Sully said nothing. He came down off the bow and dropped easily into the wide, open cockpit area.

  Sully looked dour. “Yeah, for now,” he grunted like he was pronouncing a delayed death sentence. “But not for long. We can’t just anchor here in the harbor, and we can’t get out through the channel. I already told you that. There’s too much wreckage. I’ll rip the guts out of her. And sooner or later, the last of the food and water is going to run out. Then what, hero?”

  Bannon smiled thinly. An idea was forming in the back of his mind. “You’re going to need a bigger boat,” he said.

  Chapter 17.

  Bannon stole a fretful glance at his wristwatch and then at the sky. The first rays of morning light were stretching across the ocean. He was running out of time. He turned on Sully, his voice pitched low but thick with menace.

  “Where’s my wife?”

  Sully ducked down below the canvas cockpit tarp. There was a narrow wooden cabin door set beside the boat’s wheel and controls. The door was double latched and double locked. Sully took a set of keys from a compartment and unlocked the door.

  Sully paused, then glanced back over his shoulder, eyes smoldering in a glare that seemed a compound of triumph and trepidation. Steve Bannon was holding his breath.

  The cabin door swung open slowly…

  Chapter 18.

  Sully shuffled back and a woman’s face became framed in the narrow doorway. Her hair was a blonde tangle, her face drawn as though she were racked with appalling tension. Her eyes were blue and haunted – and the traces of her ordeal were a dark smudge the color of bruises below her eyes.

  She saw Sully and her expression became one of overwhelming relief. The woman threw herself into the man’s arms, hugging him fiercely. She buried her face in Sully’s shoulder, and began to sob. Her body shook, her hands trembled. She clawed at him with her fingers as though to convince herself he was real.

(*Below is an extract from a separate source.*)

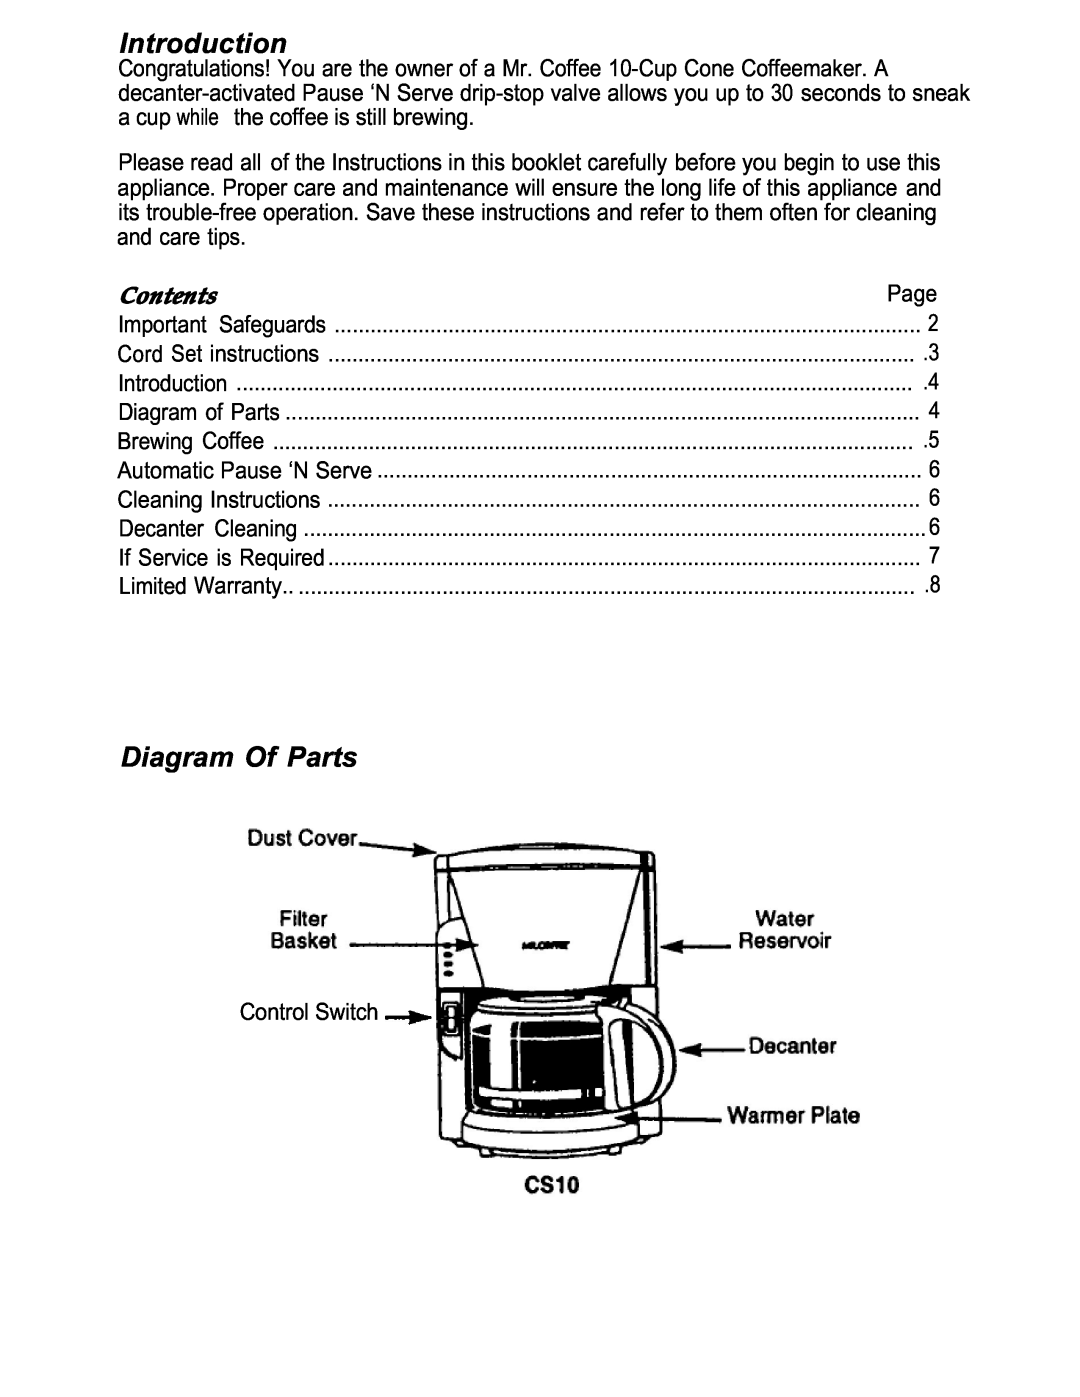 Capresso CS10 manual Introduction, Diagram Of Parts, Contents 
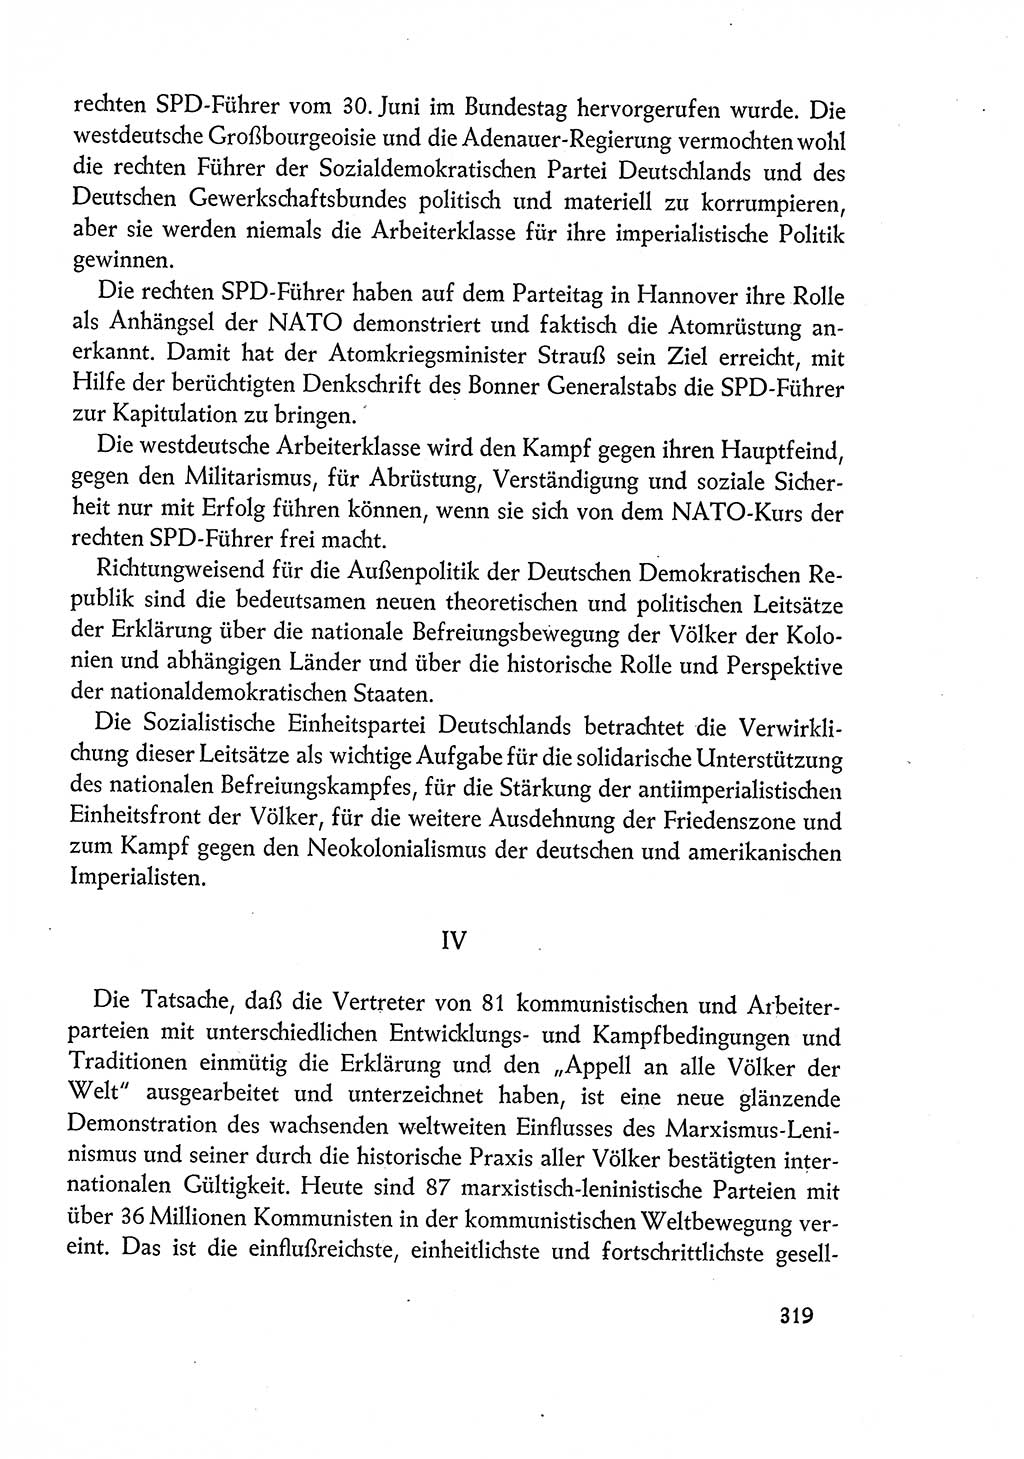 Dokumente der Sozialistischen Einheitspartei Deutschlands (SED) [Deutsche Demokratische Republik (DDR)] 1960-1961, Seite 319 (Dok. SED DDR 1960-1961, S. 319)

  “I was so worried,” Madeline Bannon sniffed against his chest. She pulled away suddenly, and studied the man closely, her face torn with sudden confusion. “I thought you weren’t coming back.”

  “I got held up,” Sully said in an understatement. “I spent the night running from the undead… with your husband.”

  Maddie Bannon flinched, and then, at last, realized that there was someone else on the boat – someone standing in the open cockpit. She untangled herself from Sully, suddenly self-conscious and flustered. Bannon stood, staring at her, his facial features carefully composed, but with deep hurt stinging in his eyes. Maddie pressed at her hair and made a fluttering gesture with her hands to straighten the clothes she was wearing.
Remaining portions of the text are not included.